I recently had the brainfart idea that making a QIF importer for TFM was a good idea. For those of you not in the know, a .QIF is a "Quicken Interchange Format" file. It's simply a list of transactions.
Or is it?
Hah, it isn't. You can also store categories, accounts, arbitrary data, etc, in it. And the best part is that none of this is really standard. The format has no formal layout; you can pretty much stash things into the file any way you please. It gets better, because there is no standard date format or currency denotation.
When I examined my first .QIF file, I thought "well this should be easy!". Dates, for example, were formatted MM/DD/YY. Easy enough.
So I went into Quicken to export some data, just to see if it does anything different than my bank. It spit out a file that looks almost nothing like the one my bank gave me.
The most WTF thing ever: dates were formatted like this:
:mM 'dD /yY
For example, today would look like:
":3 ' 9 / 6"
What. The. Hell?!
Since when is that a valid date format... anywhere?!
Not wanting to give up after hopelessly comming to the conclusion that a homebrewed solution is going to be significantly more difficult than I originally anticipated, I decided to take a look at GNUCash's implementation of a QIF importer.

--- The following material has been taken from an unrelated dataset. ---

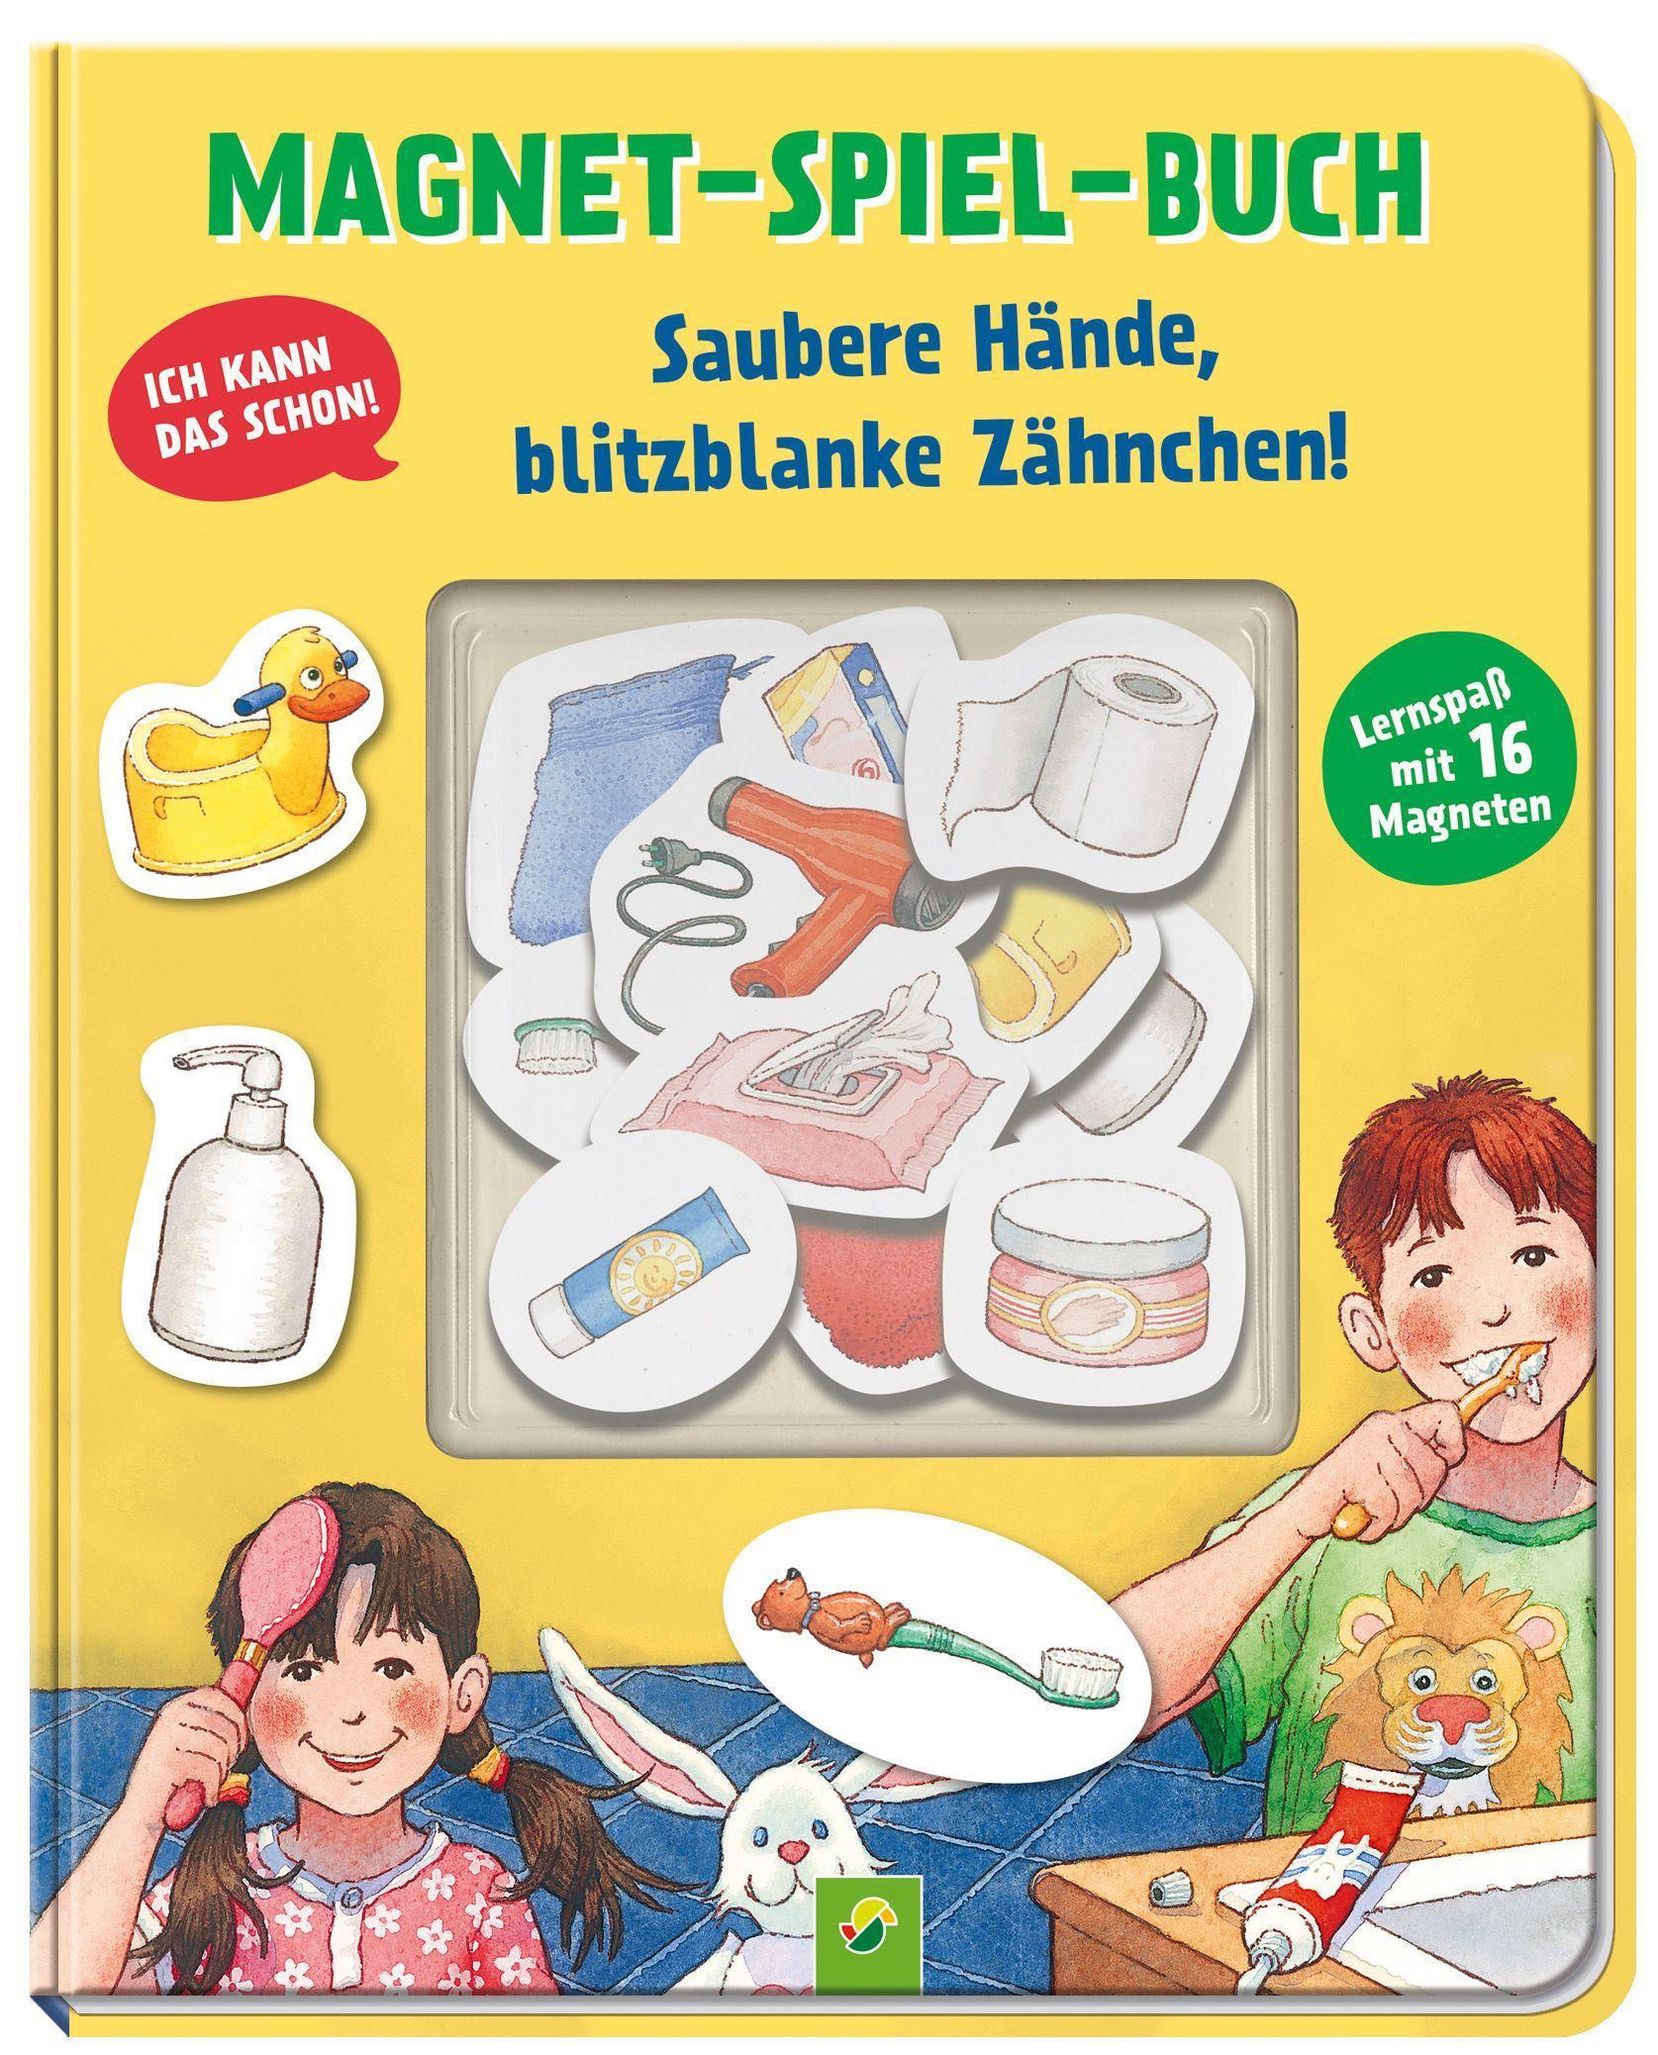 Magnet-Spiel-Buch Saubere Hände, blitzblanke Zähnchen! Buch  versandkostenfrei bei Weltbild.de bestellen
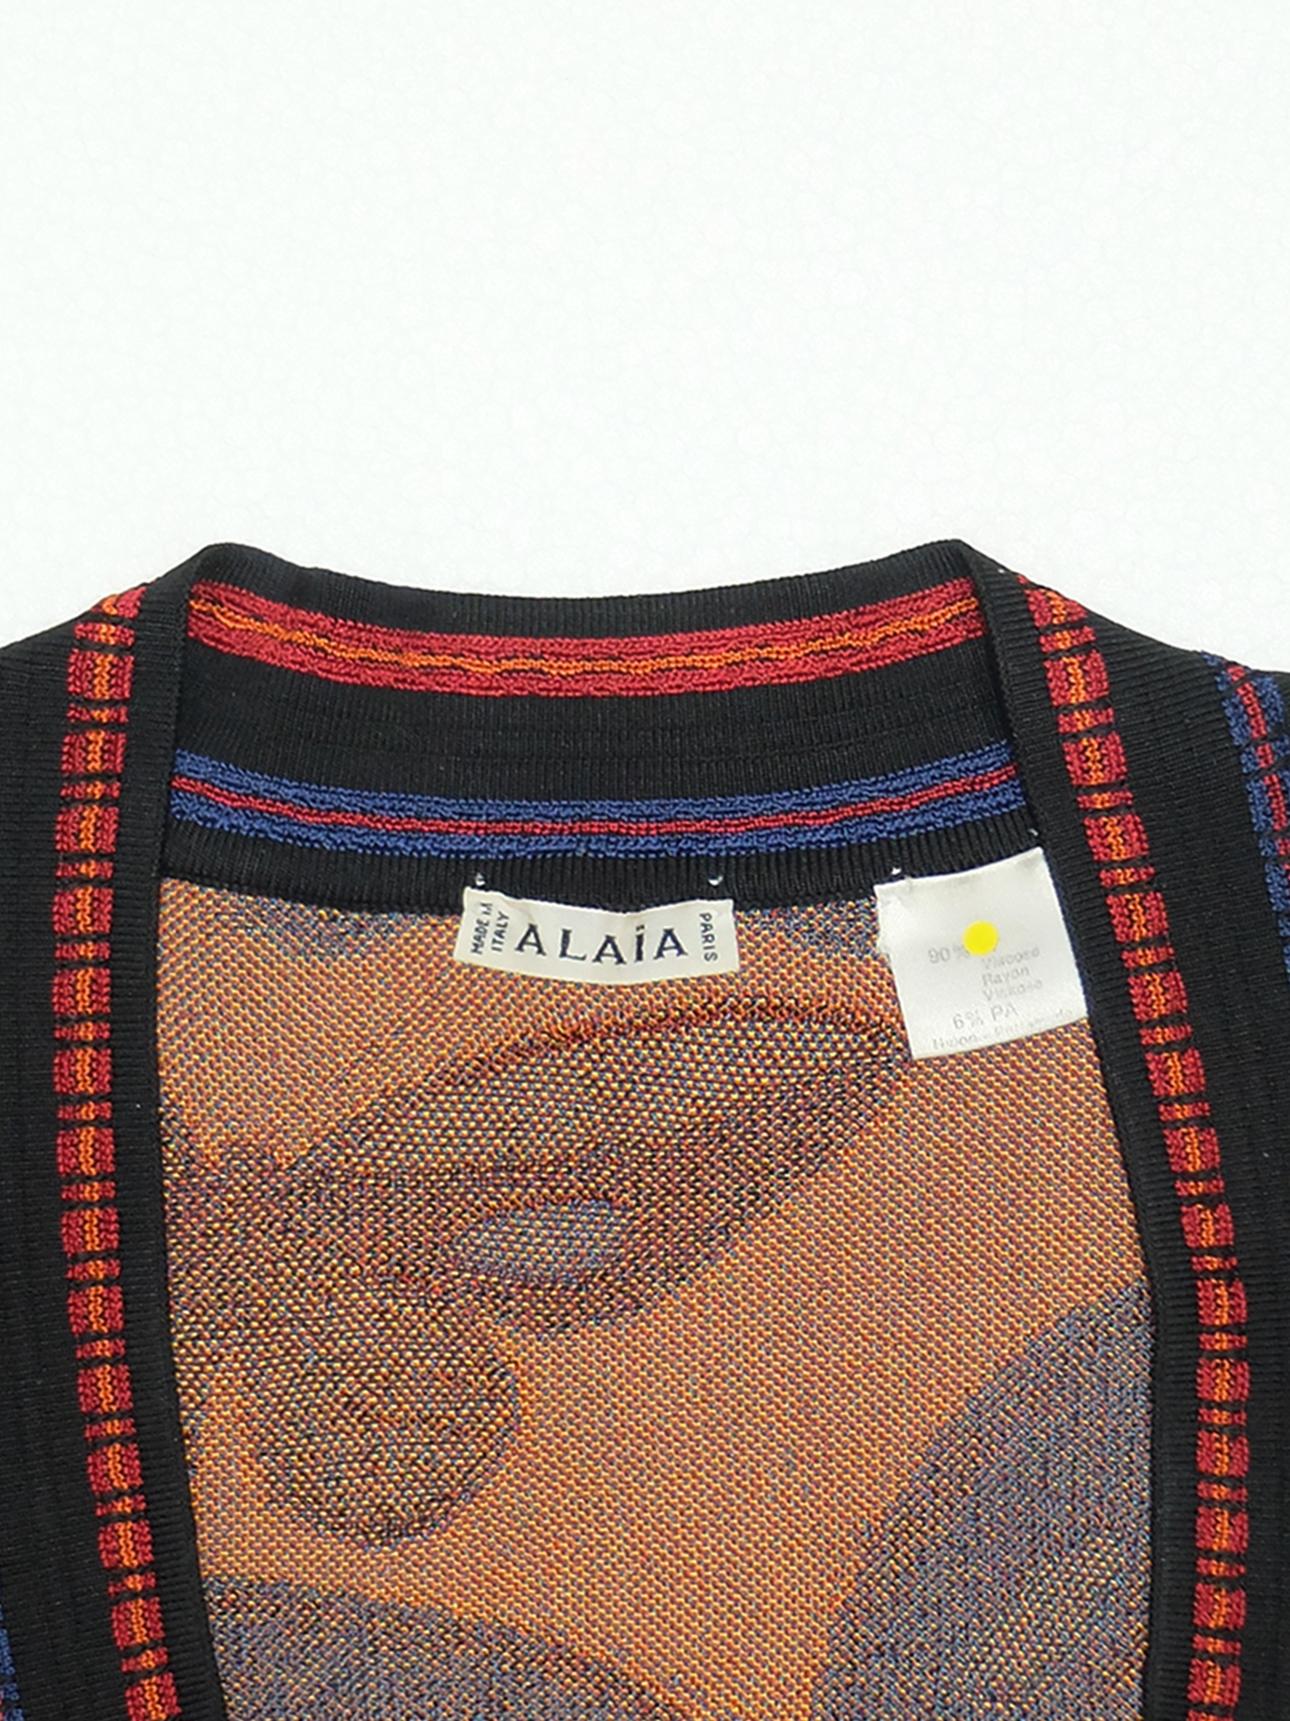 Women's Azzedine Alaïa FW1991 Butterfly Knit Top For Sale

Hahahaha. Hoh boy. Not only does it mix C++ and Scheme and Regex code altogether in one giant mess, they use huge undocumented macros all over the place, and have even typedeffed their types into oblivion.
gboolean? Come on! I mean, yeah, it's a good idea to typedef types in case you're going to different platforms where the bitsizes are different (though to be honest, I've never actually run into this; and it seems like a purely academic exercise in reality)... but typedeffing a boolean? What, are you afraid that someday someone's going to port your program to a system that supports Filenotfoundian logic?
So anyway, I've given up on QIF's. I may come back to it someday if I ever find a pressing need to be able to import them, but for now... it's just too ridiculous, and I'd rather not fan the flames by supporting an idiotic file format any further.
Just finished invoicing for the pay period, actually. Yay me.